What you have to do
Return the stretch from the line with "PINK TOURMALINE NECKLACE WITH SILVER CLASP" through the line with "The Royal Family" in the data below, character for character, skipping all pictures.

Data to process
⁂
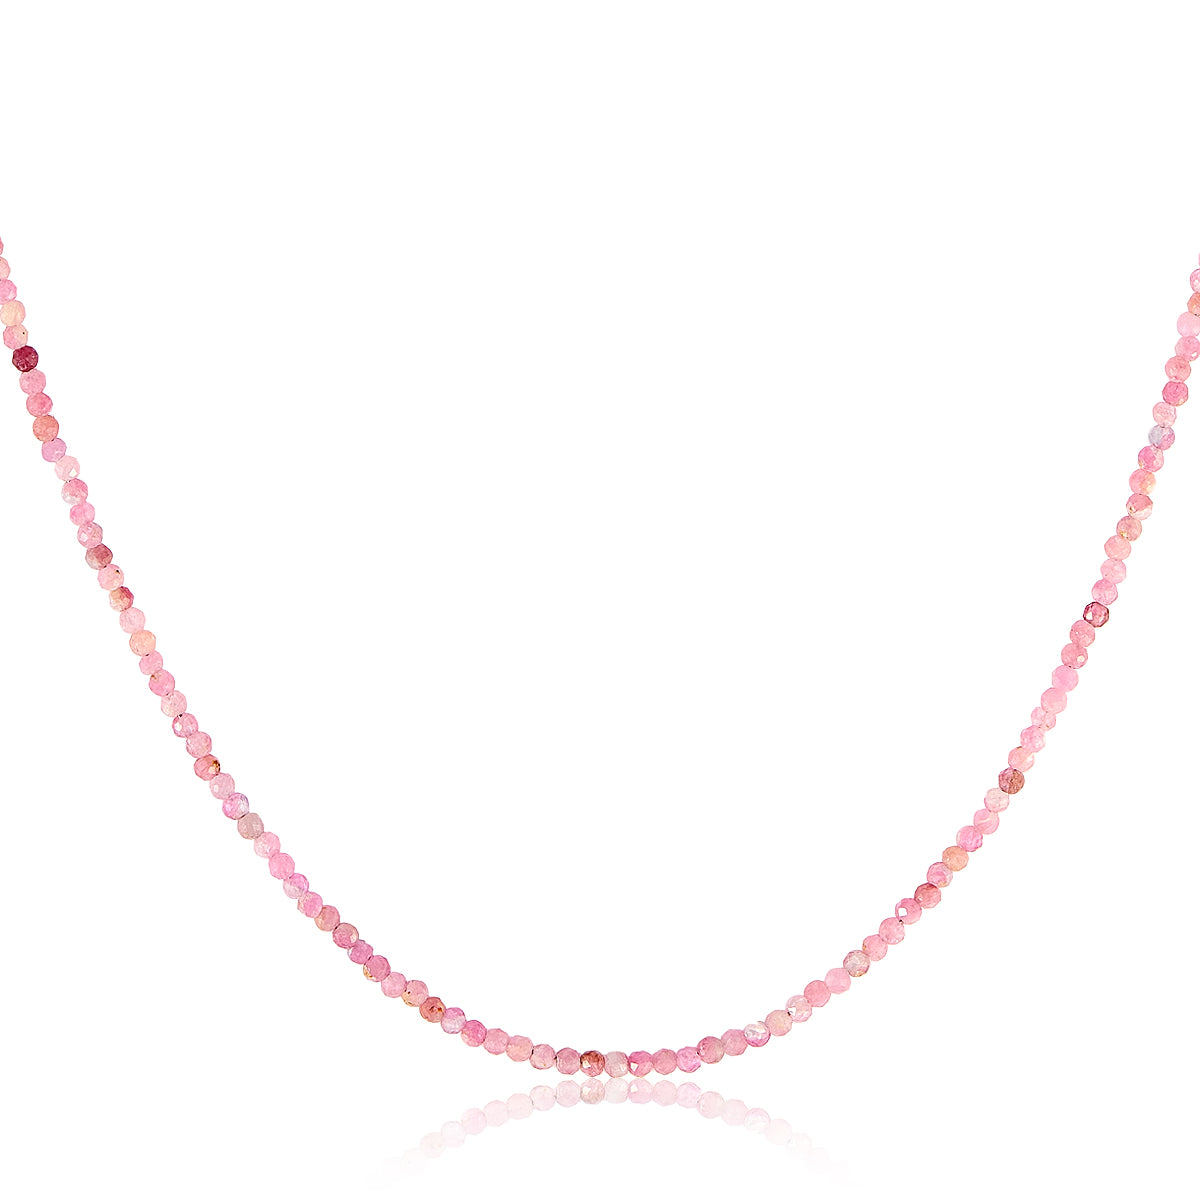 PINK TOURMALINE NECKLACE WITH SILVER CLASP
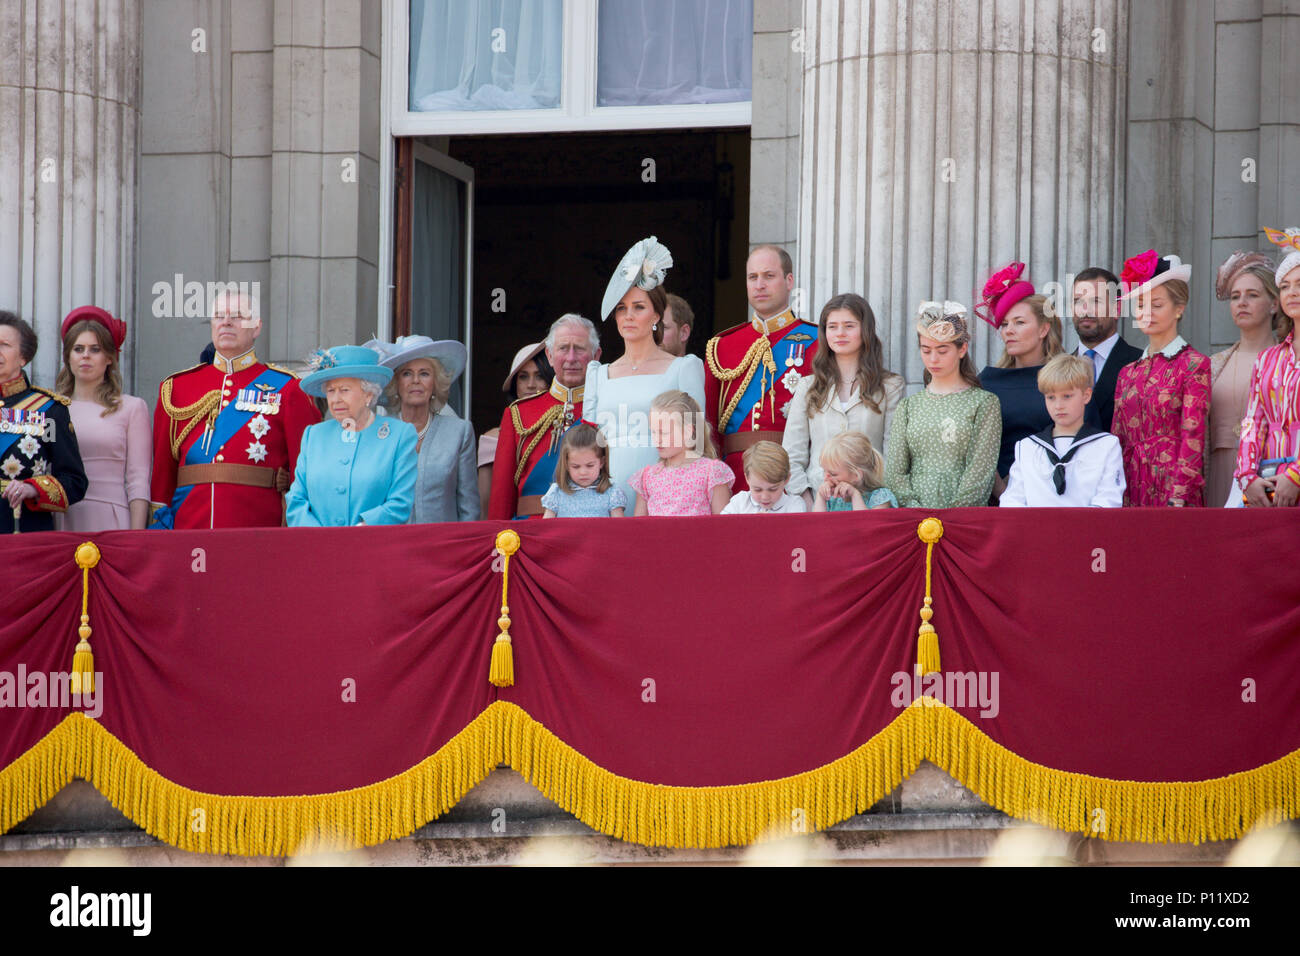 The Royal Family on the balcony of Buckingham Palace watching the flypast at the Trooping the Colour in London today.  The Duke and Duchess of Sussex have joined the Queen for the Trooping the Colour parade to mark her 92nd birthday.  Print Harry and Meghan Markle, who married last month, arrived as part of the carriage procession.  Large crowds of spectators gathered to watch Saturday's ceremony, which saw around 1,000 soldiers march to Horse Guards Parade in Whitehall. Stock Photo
⁂
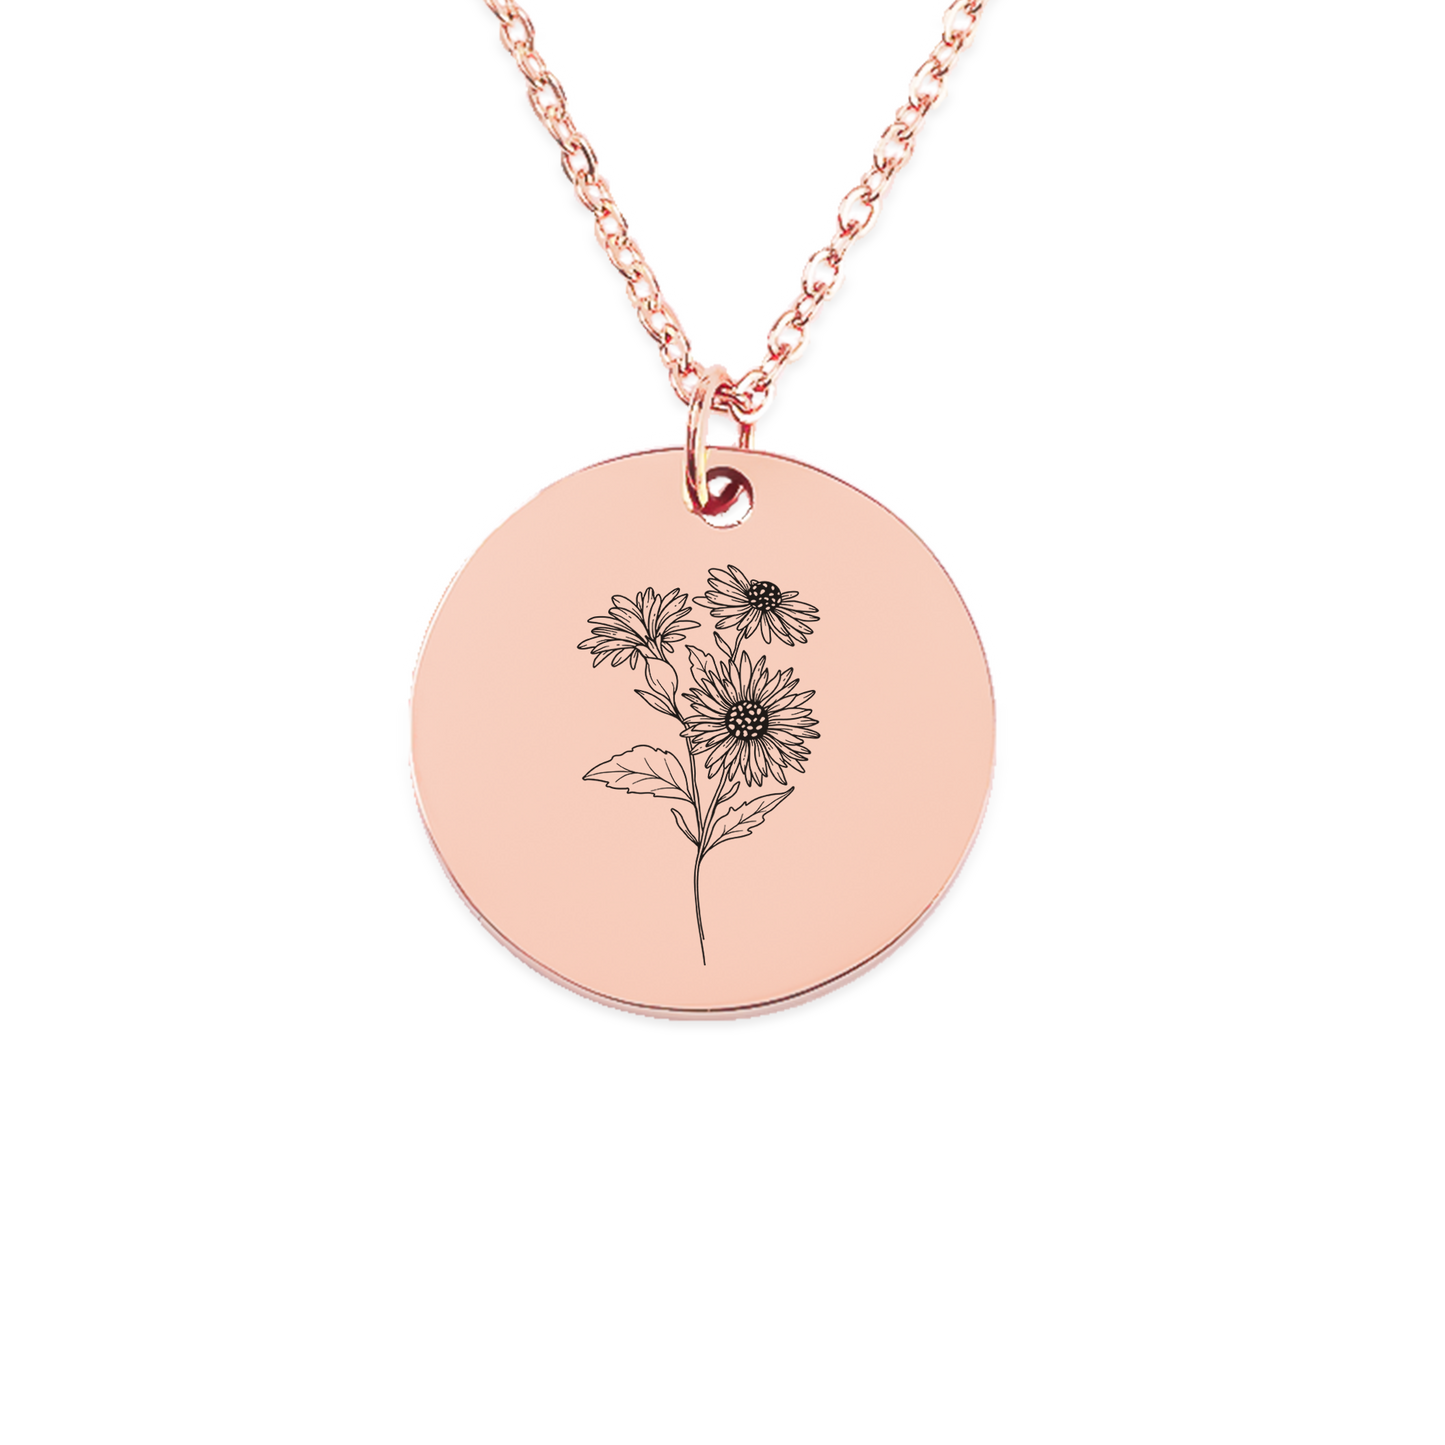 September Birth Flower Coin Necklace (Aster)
⁂
Written response
 PINK TOURMALINE NECKLACE WITH SILVER CLASP
 The Royal Family on the balcony of Buckingham Palace watching the flypast at the Trooping the Colour in London today.  The Duke and Duchess of Sussex have joined the Queen for the Trooping the Colour parade to mark her 92nd birthday.  Print Harry and Meghan Markle, who married last month, arrived as part of the carriage procession.  Large crowds of spectators gathered to watch Saturday's ceremony, which saw around 1,000 soldiers march to Horse Guards Parade in Whitehall. Stock Photo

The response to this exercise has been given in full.